See, I come from a place where they play both kinds of music: Country and Western. I wouldn't have been caught dead listening to it back when I lived in the States. It's too loaded with fear and loathing in Middle America and high school memories of being chased by baseball-bat wielding rednecks in pick-up trucks. I only love Country Music when it's made by people from other countries.
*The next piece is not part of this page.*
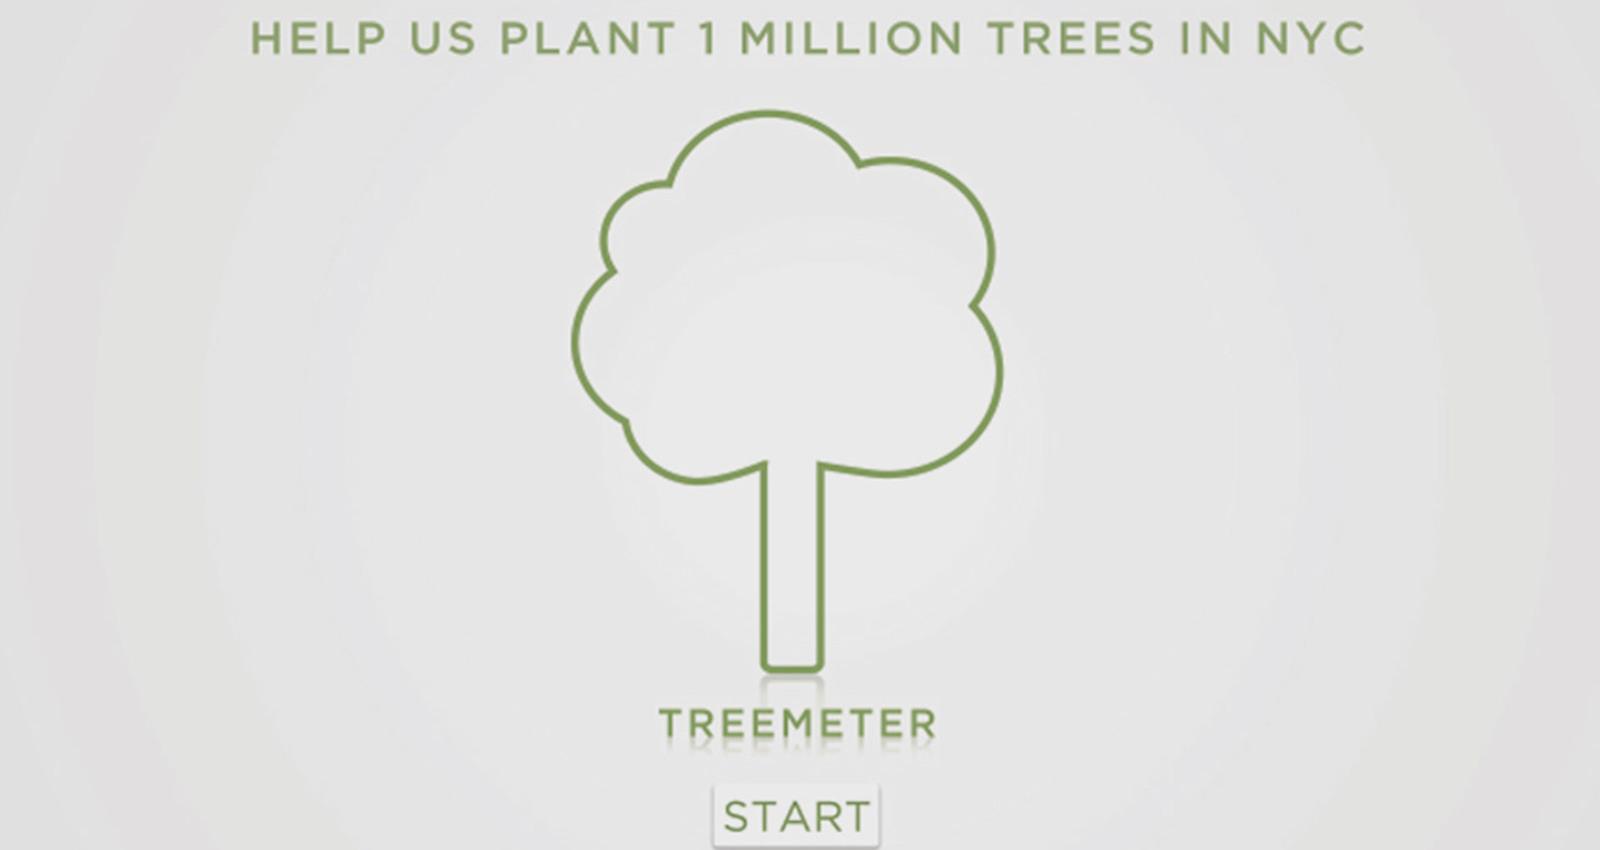 Treemeter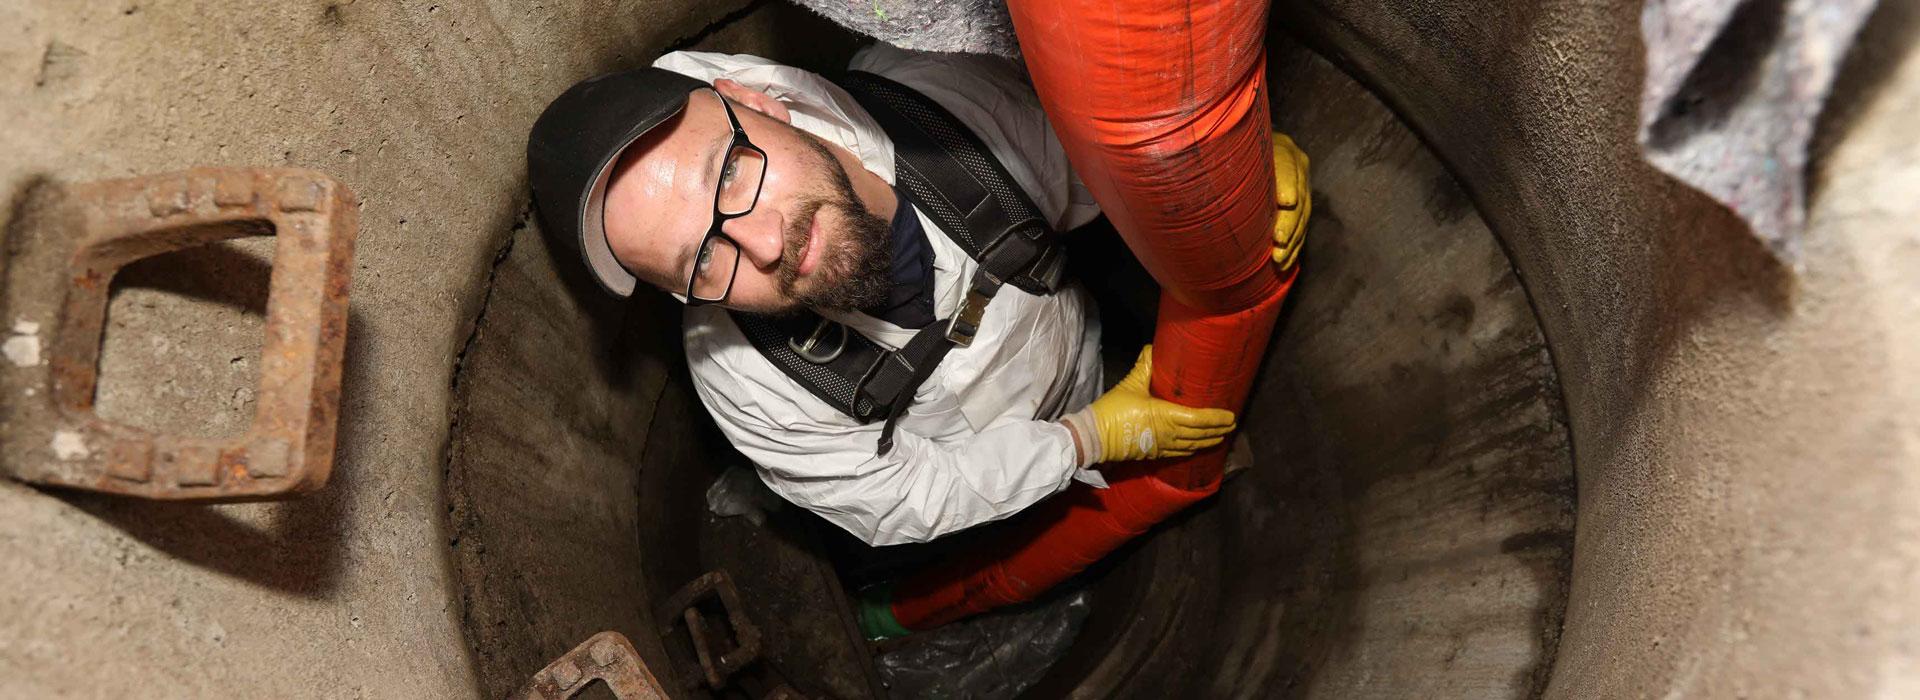 Rohrreinigung gegen verstopftes Abwasser

"I know all the answers and I know where they come from, I just don't know why they get to be so twisted by the time they reach my ears..." sing the Broken Family Band, and this is the secret of their genius. They are from Cambridge and they are polite, over-educated, self-effacingly charming and Indie with a capital I - about as far as you can physically and culturally get from Nashville or Texarcana. Yet they play country music. Over quicksilver slide guitar and lonesome harmonies, the lyrics are wonderfully, delightfully off, dipping from wry Ray Davies household observation to Robyn Hitchcock freeform flights of fancy and back. Utter mundanity mixes with surrealism in a way that no Space Cowboy Southern Californian would ever think of. The bottle runs dry with fading love, space aliens strafe fields of barley, behind the chapel either girls are murdered or boys are stood up in spirals of self deprecation, you never really know which.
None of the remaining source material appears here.